WHAT THE TASK ASKS = The line containing "Sofie Gallein and" and each line after it, through the final line of the data, are to be retyped exactly, with pictures left out.
SUPPLIED MATERIAL START
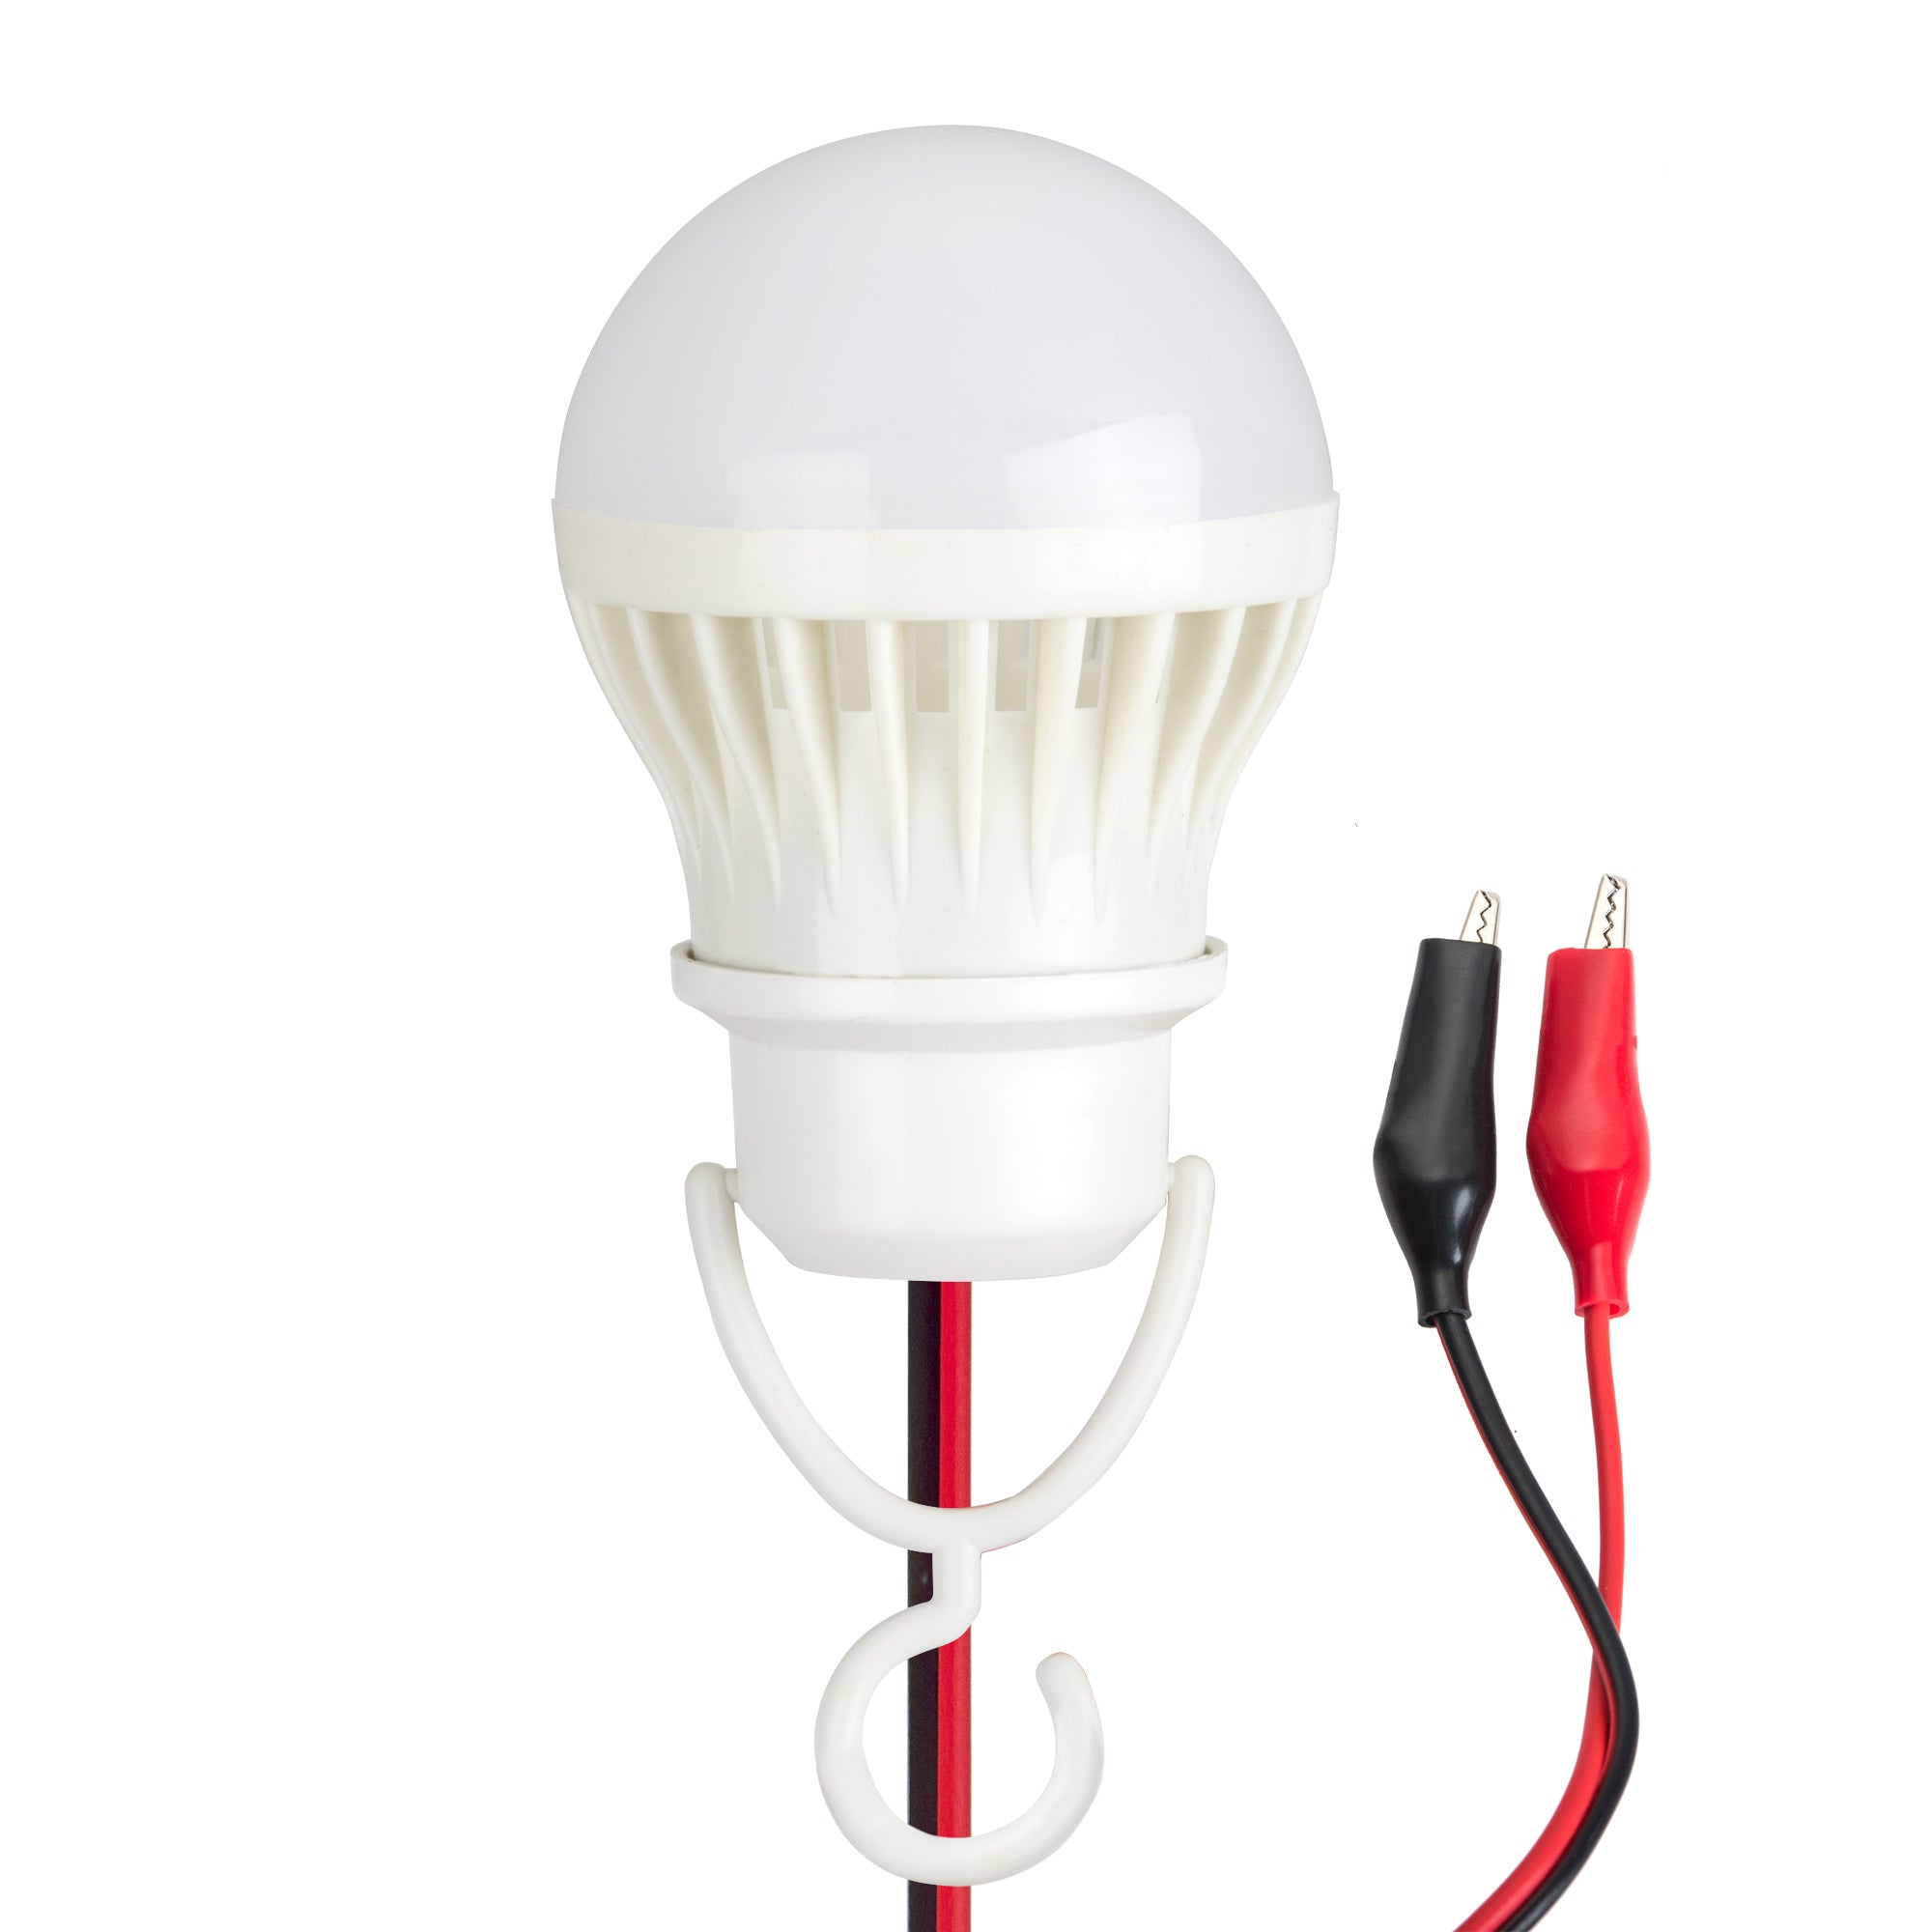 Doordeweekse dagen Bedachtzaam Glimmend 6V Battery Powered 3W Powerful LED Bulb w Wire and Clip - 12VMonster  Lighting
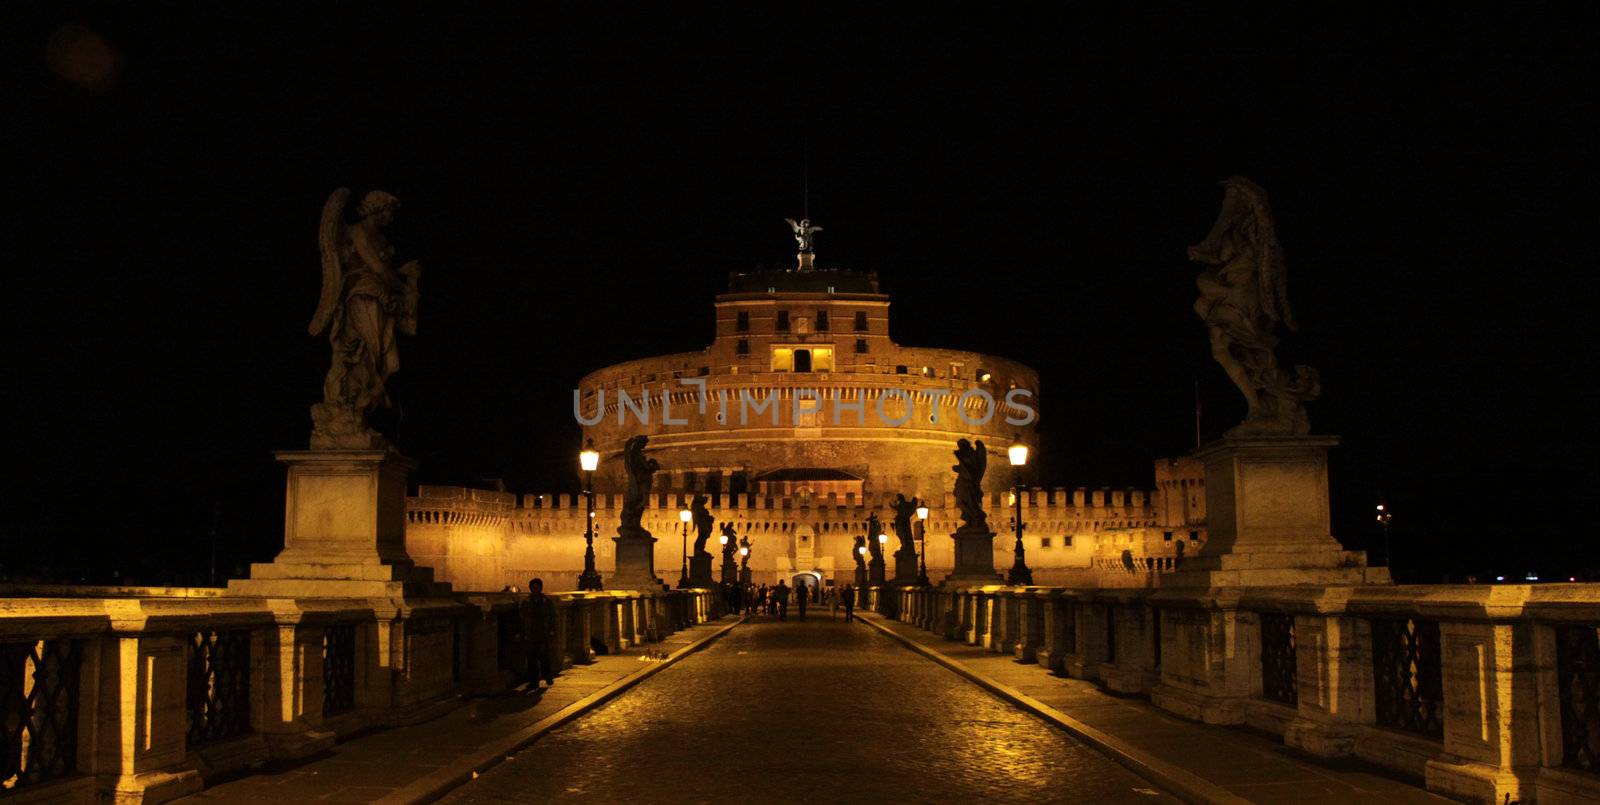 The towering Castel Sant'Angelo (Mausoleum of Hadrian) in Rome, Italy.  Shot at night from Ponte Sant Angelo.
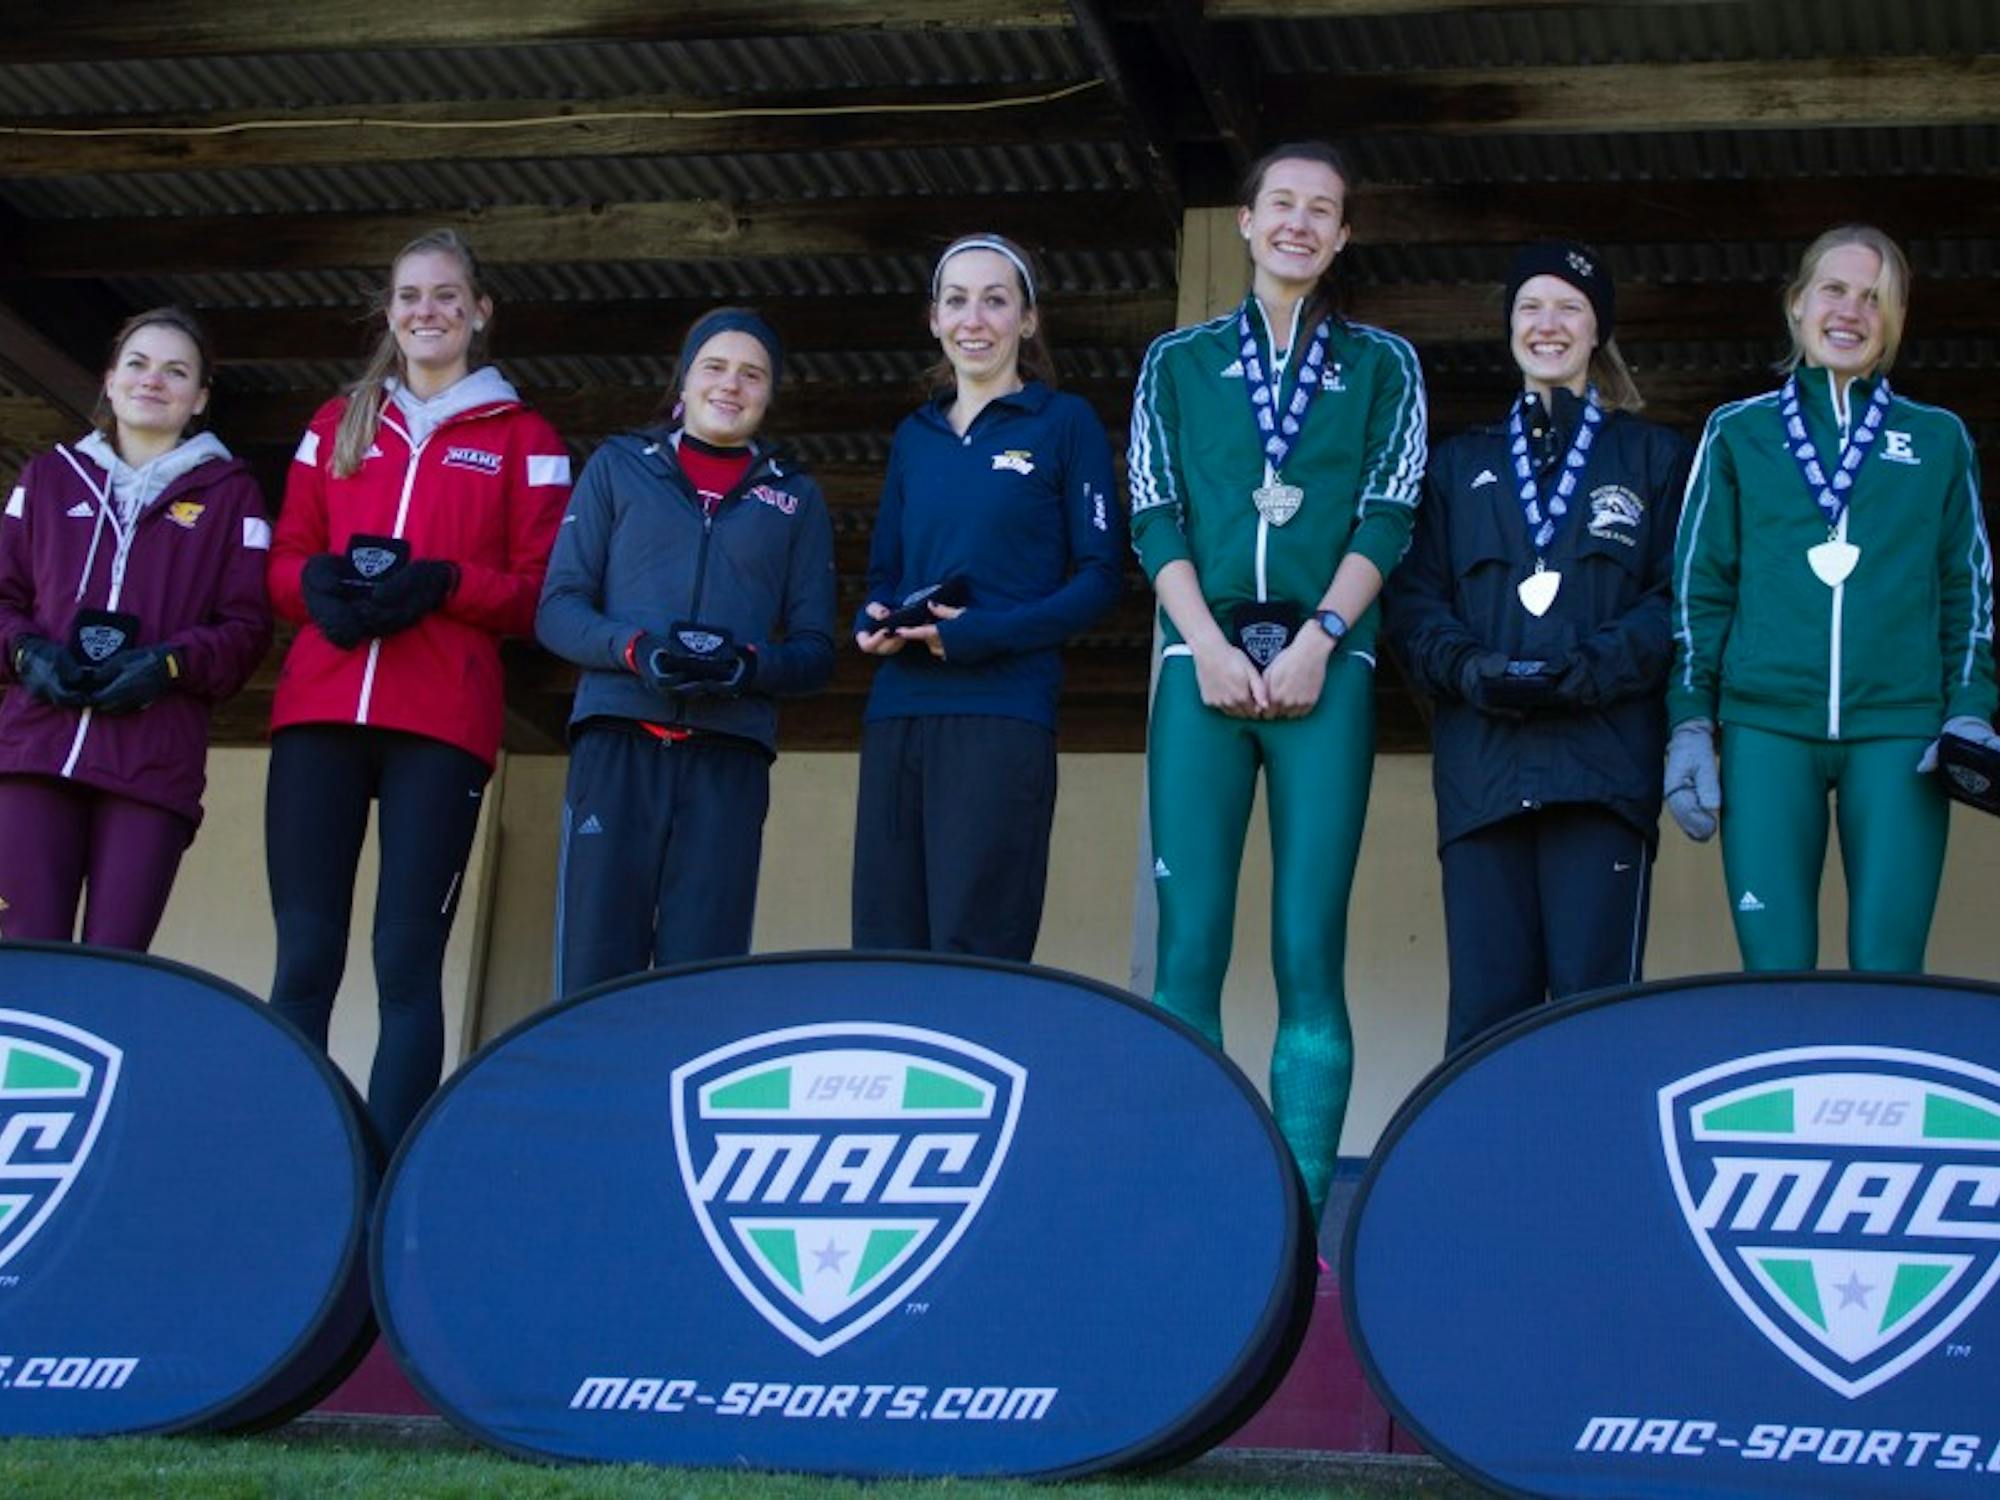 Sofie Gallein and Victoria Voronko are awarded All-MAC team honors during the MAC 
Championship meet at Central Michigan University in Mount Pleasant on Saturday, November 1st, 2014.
SUPPLIED MATERIAL END
EXPECTED ANSWER =
 Sofie Gallein and Victoria Voronko are awarded All-MAC team honors during the MAC 
Championship meet at Central Michigan University in Mount Pleasant on Saturday, November 1st, 2014.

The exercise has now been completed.